In this blog post, we consider the problem of defect detection in packages on assembly and sorting lines. More specifically, we present a real-time visual quality control solution that is capable of tracking multiple objects (packages) on a line, analyzing each object, and evaluating the probability of a defect or damaged parcel. The solution was implemented using Google Cloud Platform (GCP) Vertex AI platforms and GCP AutoML services, and we have made the reference implementation available in our git repository. This implementation can be used as a starting point for developing custom visual quality control pipelines.

Figure 1. Packages moving on a sorting line – example videos.

Vertex AI for defect detection: Solution overview

Packaging defects, such as incorrect information, unclear imprints, faulty seals, and damaged parcels, are common problems in manufacturing and logistics environments. We designed a pipeline to detect various defects on the line without disrupting sorting processes. The pipeline consumes a video stream from a camera installed on a line, performs processing in four stages, and outputs an annotated video stream.

Figure 2. Solution components.

The first step in the pipeline involves preparing the video stream for analysis by parsing and selecting specific frames. The next stage uses a Vertex AI service to identify bounding boxes around parcels on the line.

When the object is identified, the anomaly detection system begins to process the frame. This involves cutting out the object using the bounding box and resizing it to a specific size. The processed image is then sent to an anomaly detection model for further analysis. In both cases, a service provided by Google Vertex AI detects parcels and identifies whether they are defective, which has proven to be effective in terms of accuracy and speed. To train the model, we used a small dataset that includes augmented examples of anomalies. The entire process, from training to inference, is referred to as the training and inference pipeline.

As a final step, we used a conventional (non-ML) computer vision algorithm to track labeled objects on the line. This approach allows for fast processing while maintaining high accuracy. The fast processing time permits the use of the model's output in real-time for monitoring purposes, in addition to automating anomaly detection processes.

Dataset overview

We used a video sample that emulates a conveyor belt with boxes moving from left to right, and some of the boxes are damaged or represent anomalous objects. This example video is 40 seconds long and contains a total of 100 objects, 4 of which are anomalous. The emulation of the process line enabled us to select the preferred number of objects to track in a single frame, the speed of the conveyor belt, and lights, among other elements.

Figure 3. A sample from the input video.

Visual inspection AI solution implementation details


As previously mentioned, we created two ML models to achieve our objectives: an object detection model and an image classification model (both of which are powered by the Google Vertex AI AutoML service). Such an approach requires very little machine learning expertise to train, and the process is very simple. One of the most important requirements of the dataset is that it contains representative examples of anomalies and regular instances. After the dataset has been prepared, the remaining procedures are completed with a minimal amount of code.

Object detection dataset preparation

An object detection dataset for the Google Vertex AI AutoML service should consist of different images, and each object in the image should have a bounding box annotation.
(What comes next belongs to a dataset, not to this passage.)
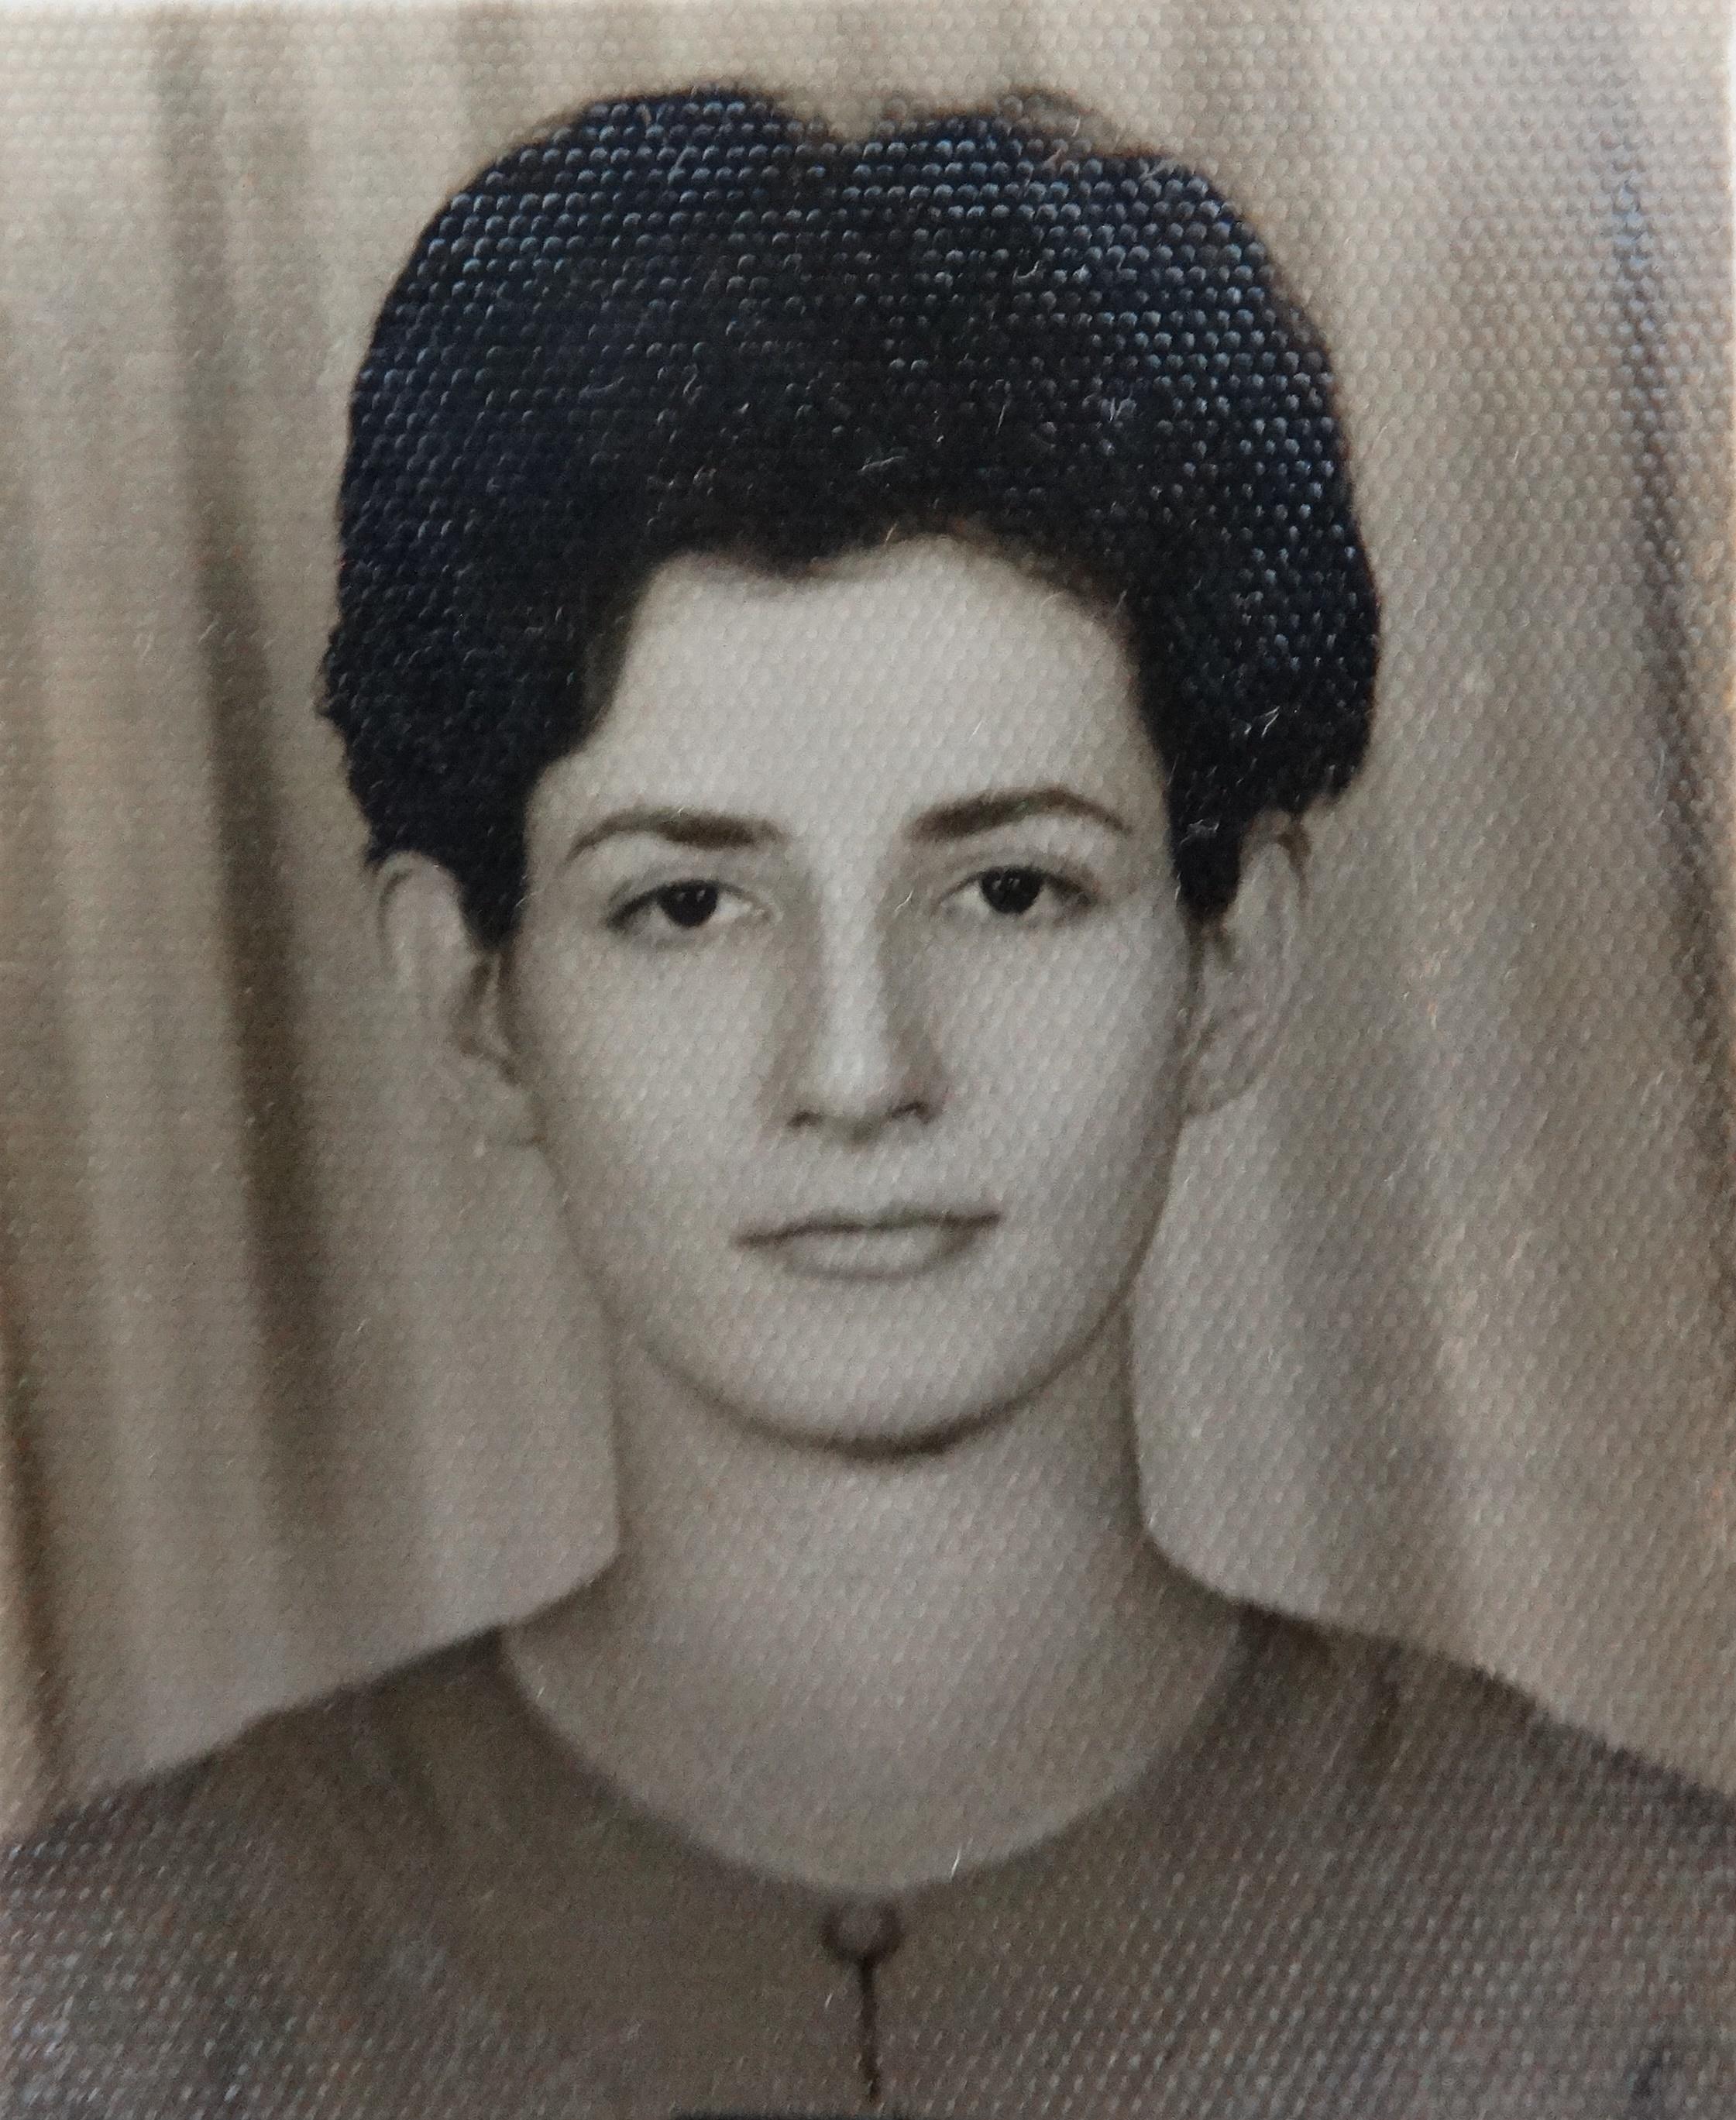 Maria Aparecida de Luca Sousa

Generally speaking, the data can include multiple object types, not just one (boxes, in our case).

Figure 4. Labeling the training dataset.

Because we worked with a relatively small dataset, we chose to use the open source tool Computer Vision Annotation Tool (CVAT), but when working with larger datasets, we advise using a more effective and reliable approach such as the LAAS Google AI Platform Data Labeling Services. By manually drawing a bounding box for each parcel in the frame, we were able to record and annotate every 60th frame of our videos. The intervening video's frames are similar to one another and do not provide extra information for model training, so we decided not to annotate every frame.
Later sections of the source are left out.